Hey everyone 👋 we’re currently designing a data sync setup between Clay and SeaTable, but we’ve hit a structural limitation: Clay is great for enrichment, but it doesn’t natively support writing data back into an external CRM or database in a true two-way way sync.😅 So our idea is to introduce an Operational Data Store (ODS) in the middle that would: • receive enriched data from Clay via HTTP Actions or Webhooks, • expose that data via REST/SQL for SeaTable to read and write, • and continuously sync updates both ways (enrichment → CRM → re-enrichment). Setup & scale • ~20–30k rows, ~25 fields per record (Accounts, Contacts, Job Matches) • Bidirectional sync: Clay ↔️ ODS ↔️ SeaTable • Continuous enrichment and matching cycles Current plan • ODS: Postgres or Supabase (Postgres-compatible) • API: PostgREST, Hasura, or FastAPI for REST/GraphQL endpoints • Sync logic: idempotent upserts using external_id (CRM), clay_id (Clay) + timestamps for change detection Clay → ODS • Pushes via HTTP Actions/Webhooks • JSON payloads (batch or single) • Deduplication via (source, external_id, payload_hash) ODS → SeaTable • SeaTable reads via REST endpoints (with pagination + updated_since) • Writes back to ODS when changes happen on CRM side What I’d love to hear from others
Has anyone built a similar “sync hub” for Clay at this scale?

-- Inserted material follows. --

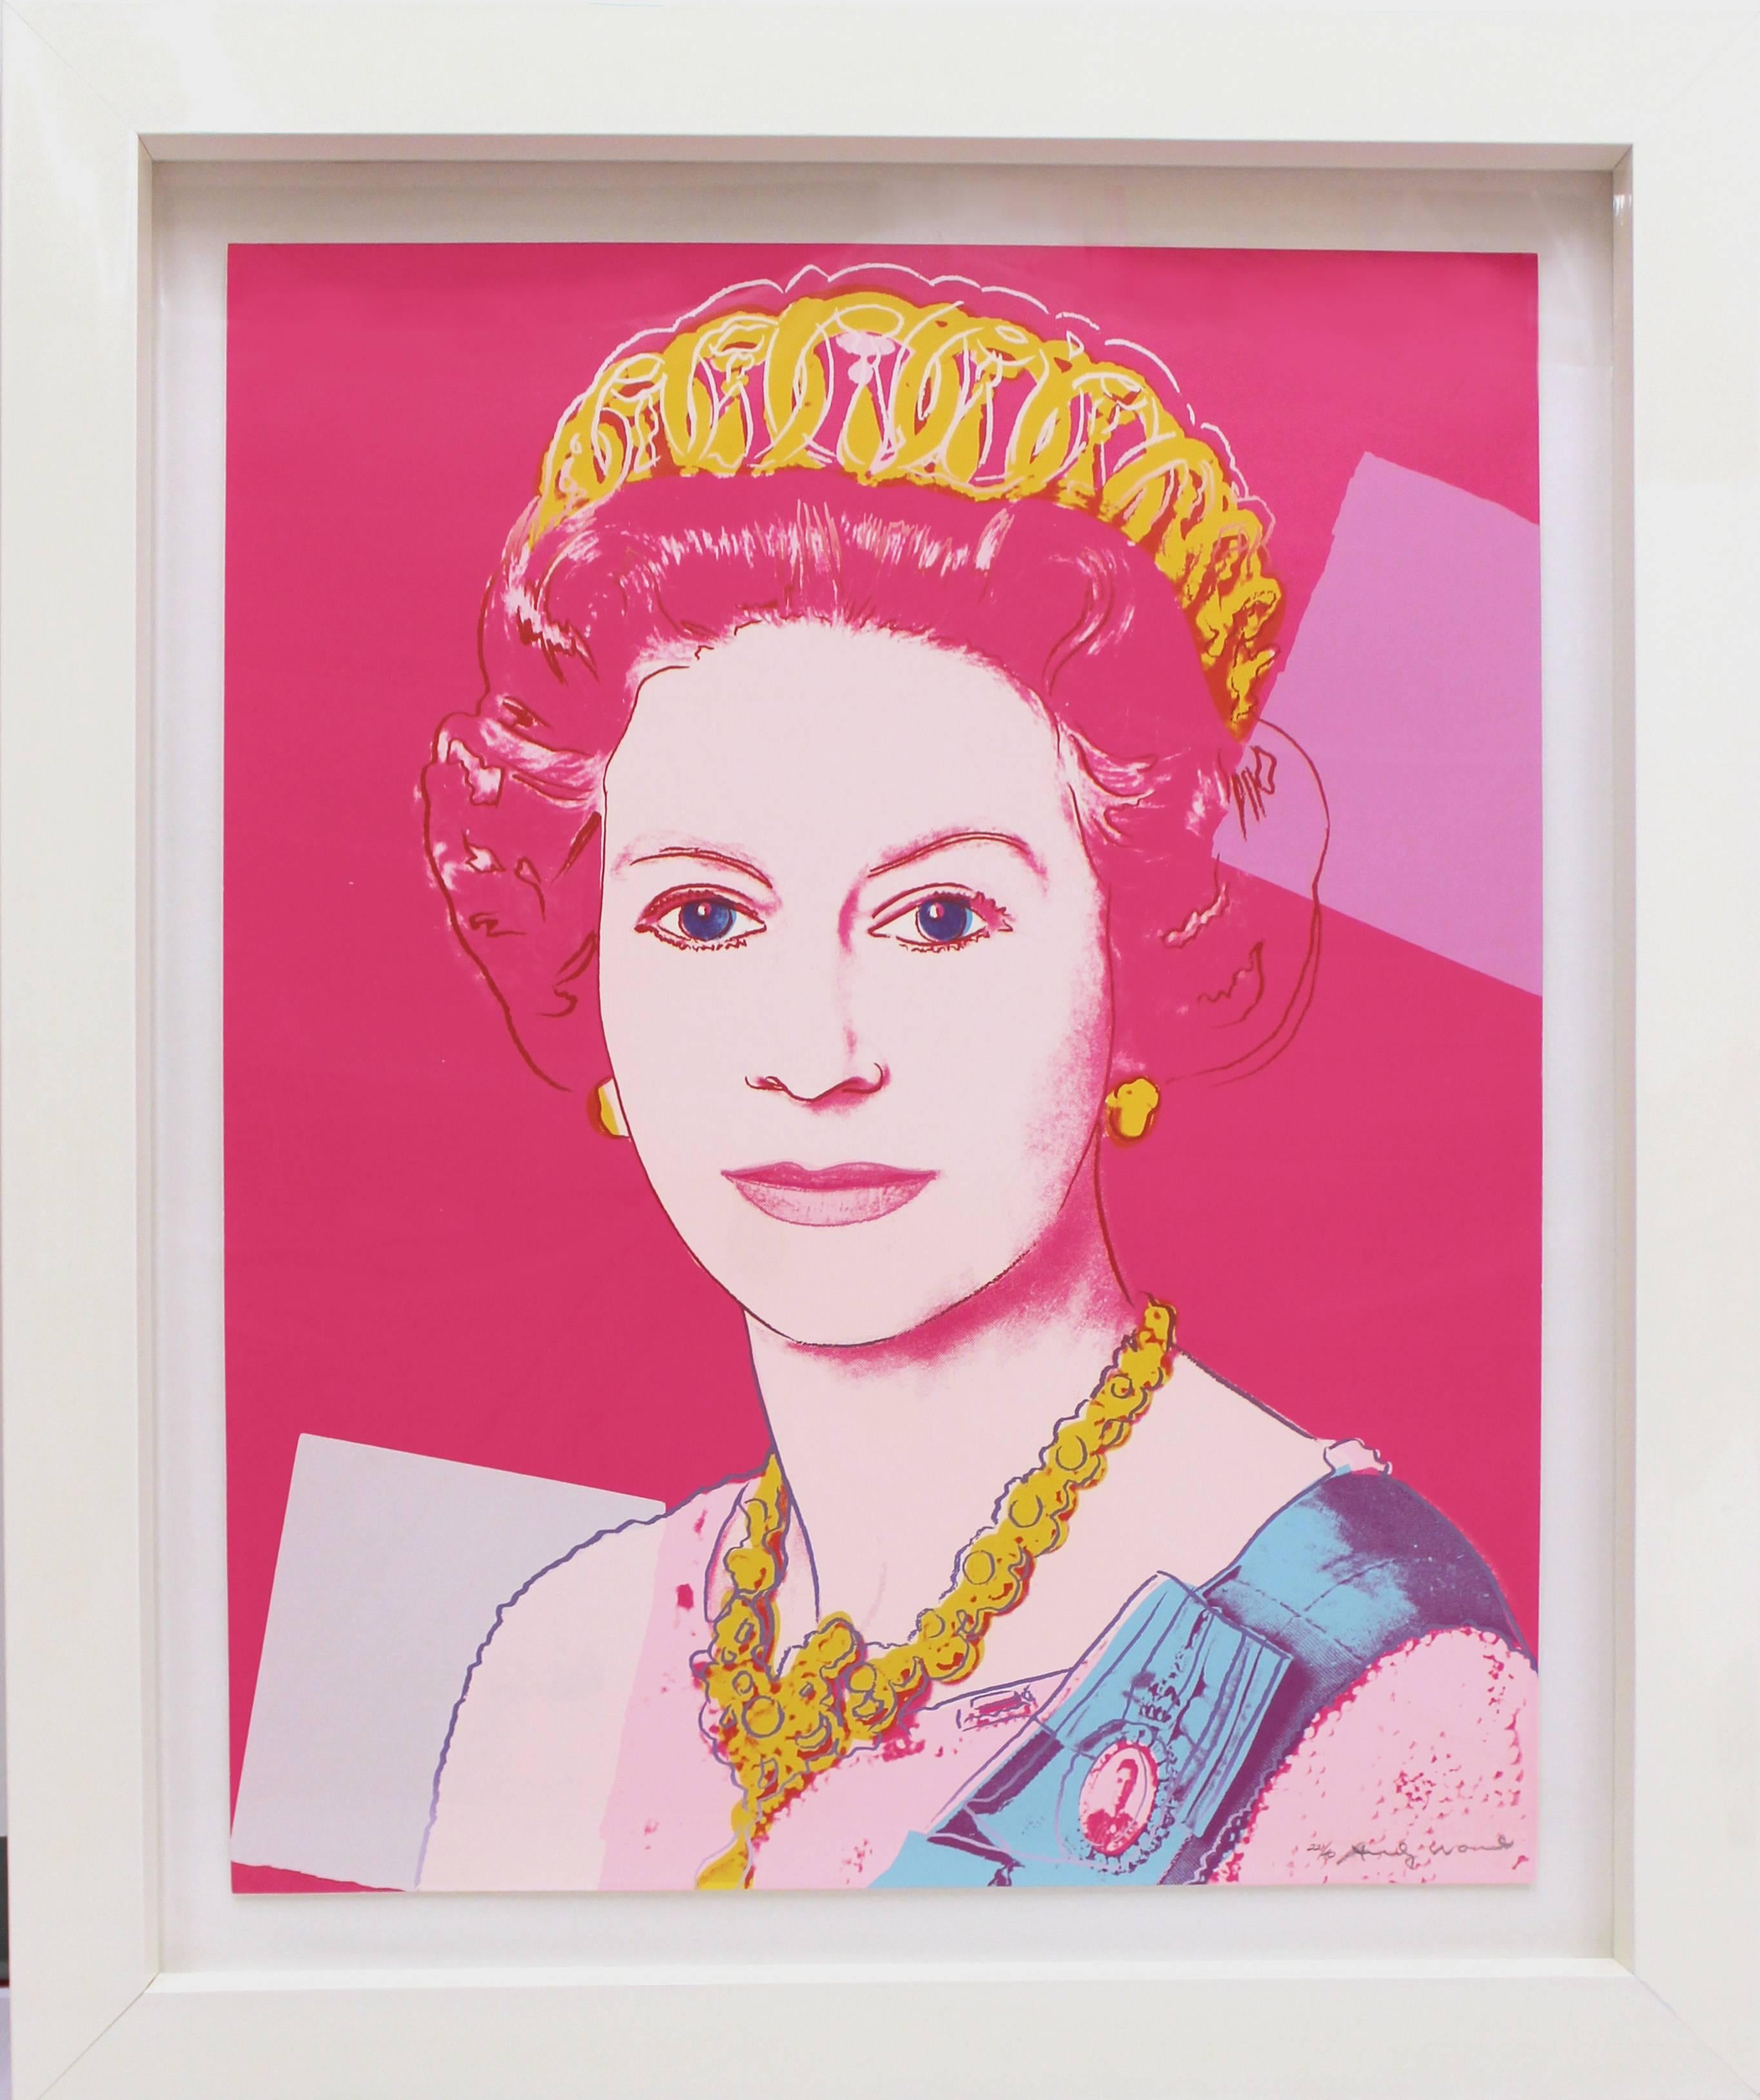 Queen Elizabeth II of the United Kingdom 336 - Print by Andy Warhol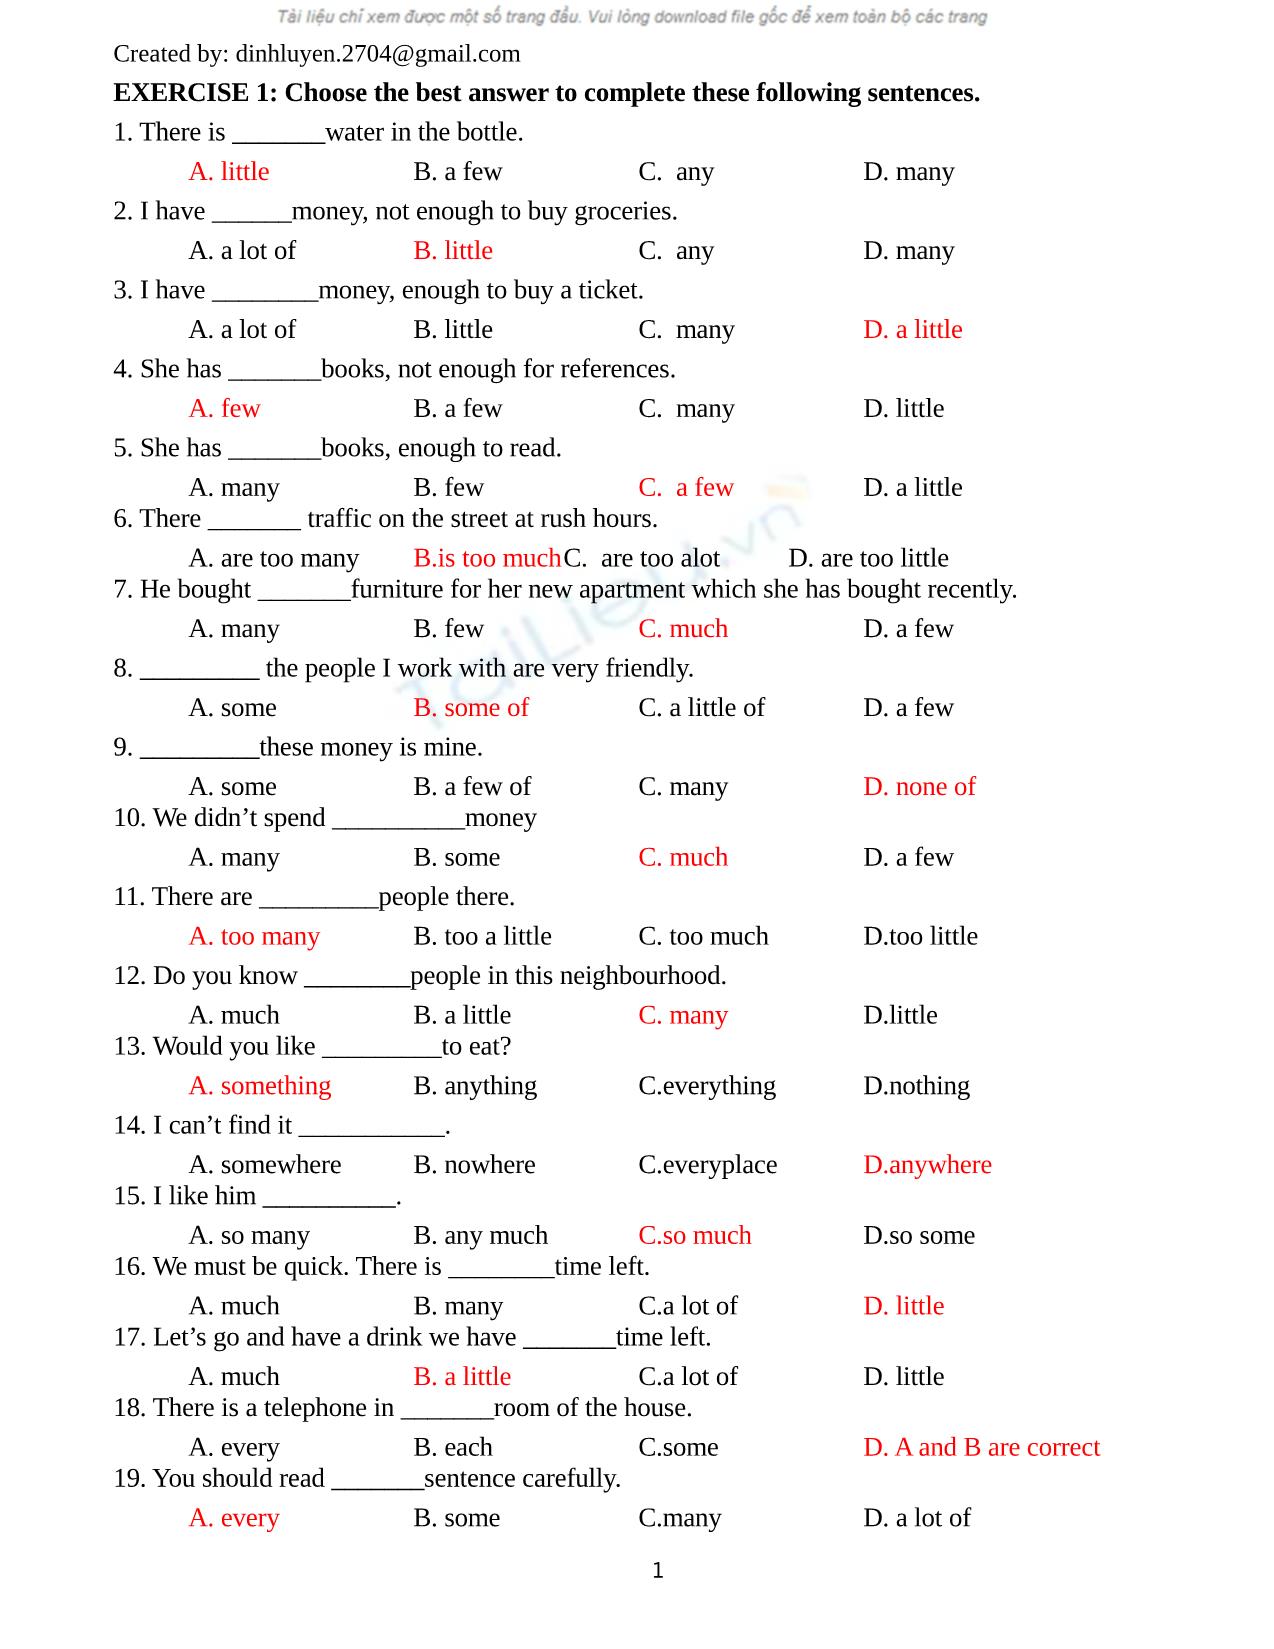 Bài tập trắng nghiệm môn tiếng Anh (Có đáp án) trang 1

What stack did you use (Postgres + Hasura, Supabase, custom FastAPI)?
Any experience with batch sizes or rate limits for Clay’s HTTP actions?
How do you handle deduping and change detection between systems?
Any pitfalls or lessons learned around SeaTable’s API performance with 30k+ rows?
Would really appreciate examples or best practices — especially around schema design (IDs, timestamps, versioning) or retry logic for failed pushes. Would love to hear how you approached it.